All the GUI, collection system should be in place as part of JS dev/debug tools already. Just customized it a bit so any tech savvy users can check the audit logs and enable more logging for a plugin if needed.
If an user spots something not right, it is also easy to out the "plugin/extension" on a public forum.
> Chrome prompts the user if adding the permissions results in different warning messages than the user has already seen and accepted.
If you want more permissions, then ask for more permissions.
And don't be surprised when people say NO.
Not everyone wants to grant the permissions to your update even if the update fixes bugs in older versions. Not everyone will want your new feature in the first place. Denying permissions is an easy way to eliminate the risk of having to go through and figure out whether or not the new feature is trustworthy.
And if you're not adding a new feature, then why do you need more permissions?
I agree with you.
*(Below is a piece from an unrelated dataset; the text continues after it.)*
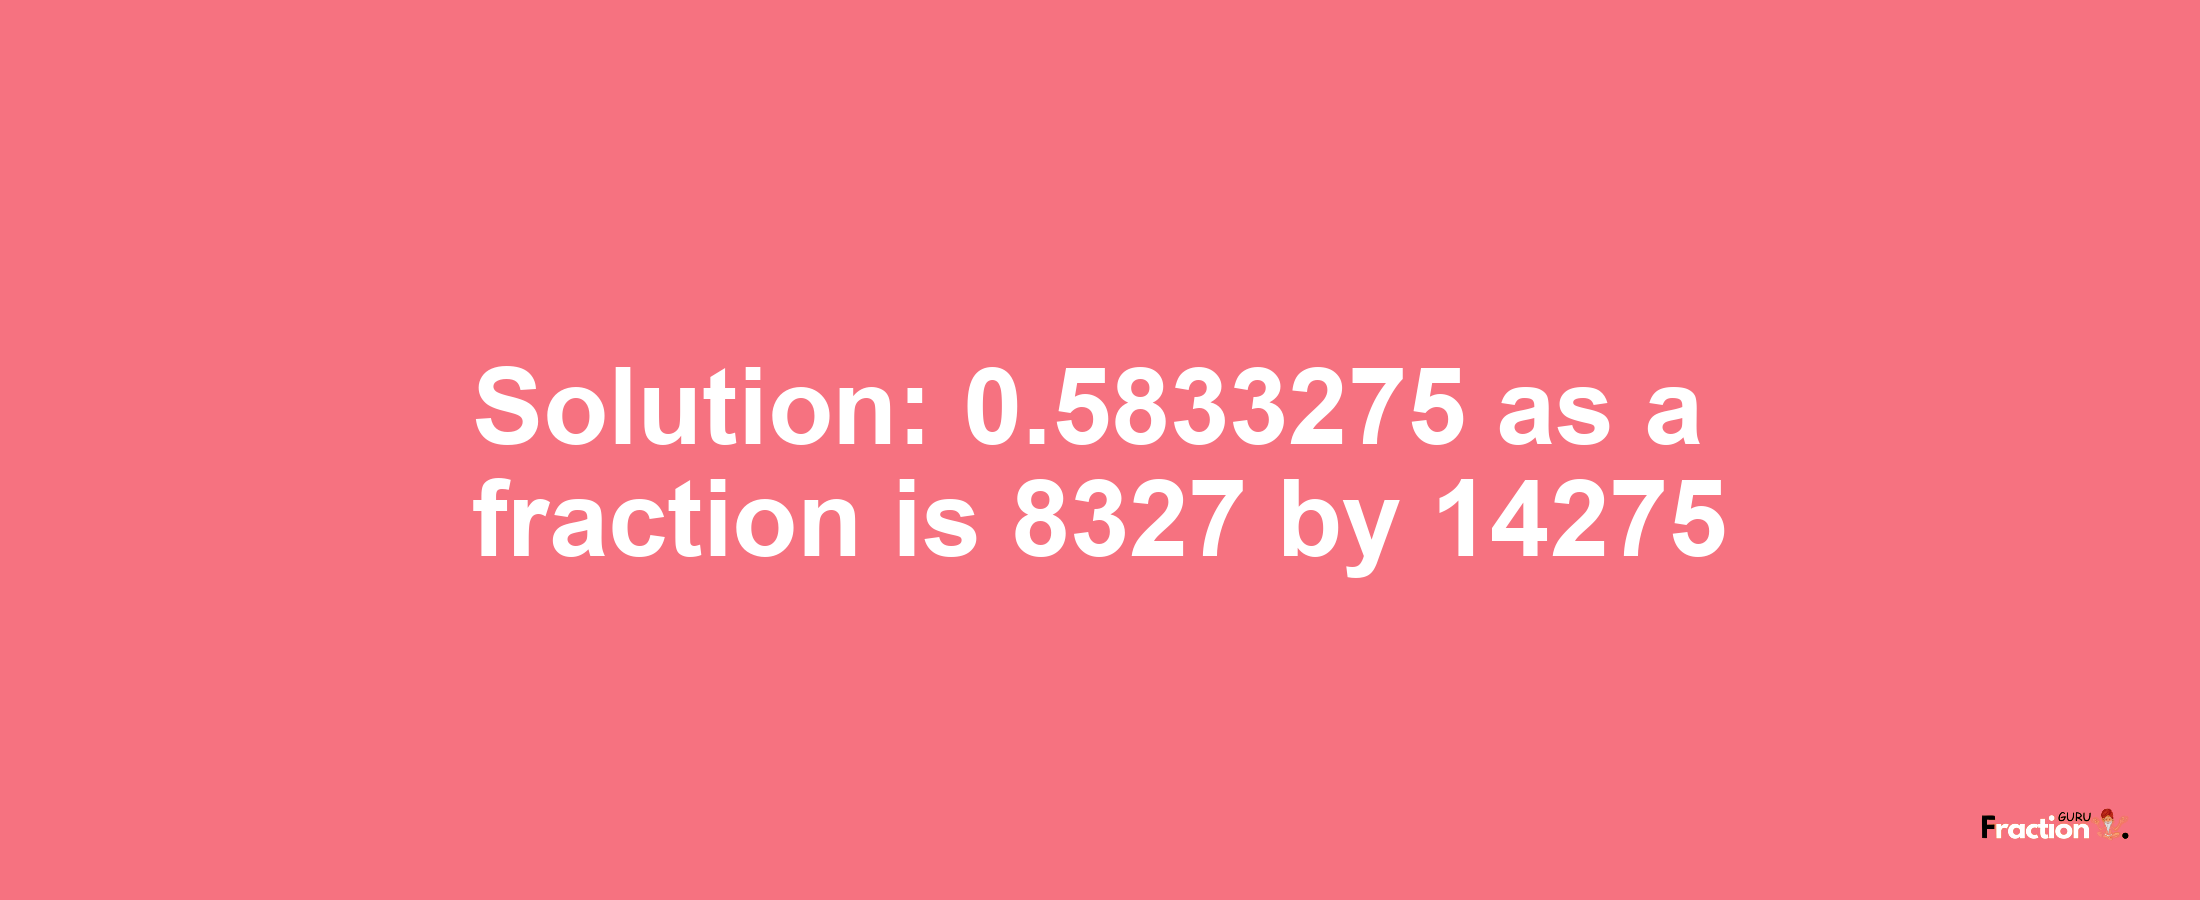 Solution:0.5833275 as a fraction is 8327/14275

As another reply to you states, however, Firefox doesn't currently let me ask. You have to kind of go hunting for it.
> And if you're not adding a new feature, then why do you need more permissions?
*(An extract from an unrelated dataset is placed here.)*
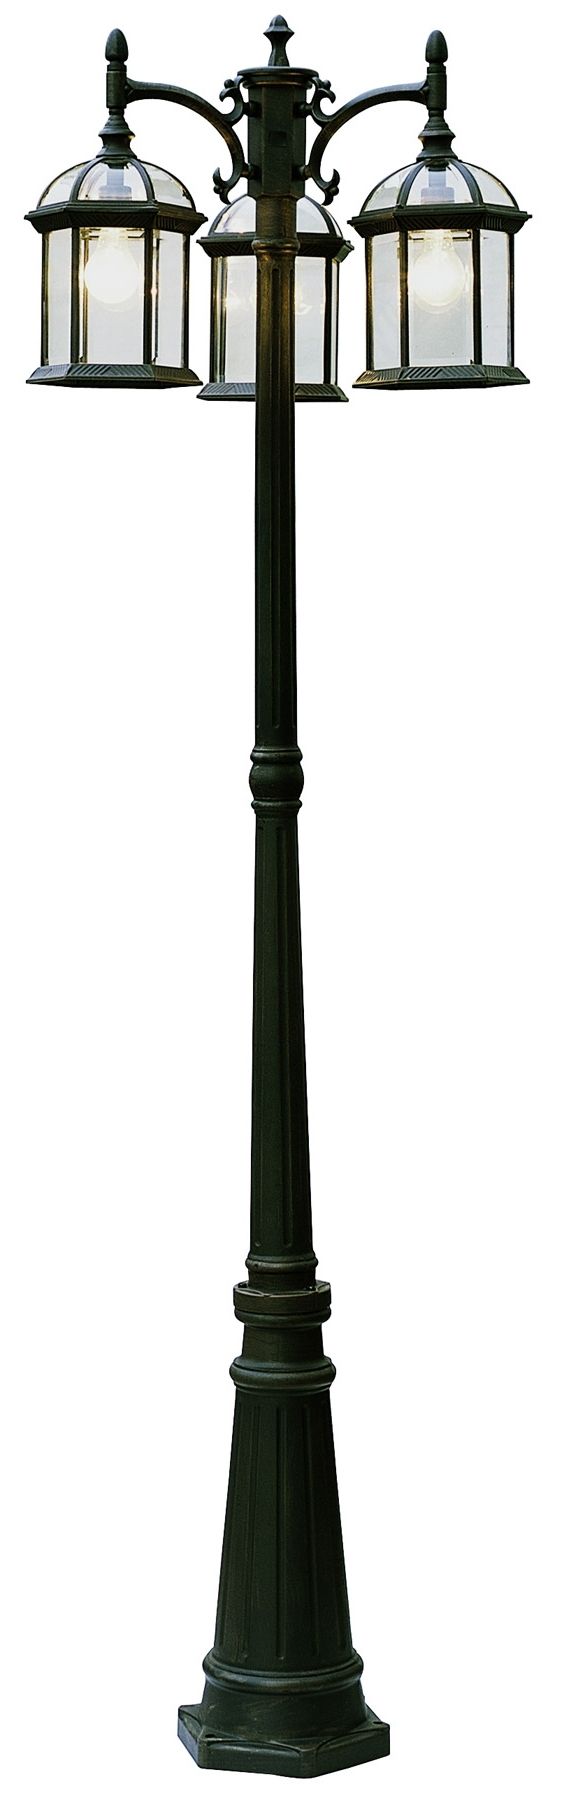 Light Post Outdoor – Outdoor Lighting Intended For Most Current Outdoor Lanterns On Post (View 7 of 20)

Firefox does not let me explain why the permissions are needed. It would be nice if we could have a little blurb where we can state our case next to each permission.
Our current approach is to explain likely upcoming permissions requests in advance and ask our users to stay vigilant for the appearance of the tiny yellow exclamation mark, but that's not very helpful to the third of users stuck on old verions before we learnt that trick.
> And don't be surprised when people say NO.
I think very few of these users have said no on purpose. We ask for (and use) almost everything , so any marginal new permissions are unlikely to give us much more power. The current permission model actually makes it tempting to just literally ask for everything because we might want it for a new feature in the future.
The optional permissions are not fine-grained enough to be useful (you can accept all optional permissions, or none) and not available for enough permissions, otherwise we would use them.
Also, the first versions of our software were really slow and bad. I really doubt many people are staying there on purpose. (If there are any Tridactyl users in this thread using an old version on purpose, I'd like to hear from you :) ).
How much more time can I reasonably be expected to donate? Just trying to find duplicates on the BMO could take ages.
Complaining into the void on the internet takes much less time and makes me feel better :)
A better approach would be to allow extension upgrades, irrespective of permissions. If a user chooses to deny permissions the extension should still work on the latest version.
The extension has a backend API and web service which is required for the extension to work, not once has a buyer asked about acquiring that. They only want the extension and literally have no understanding of how it works or what it does. Their intent is obvious.
One sneaky way to get back at them is to send a bunch of fake “poison” requests with fake data back at these guys. It probably wont hurt them but if enough people do it, it might make their data worse and make their operation unprofitable.
In my experience anonymization is hit or miss, but ostensibly always in place.
Installed and will be using both. Please don't steal my data!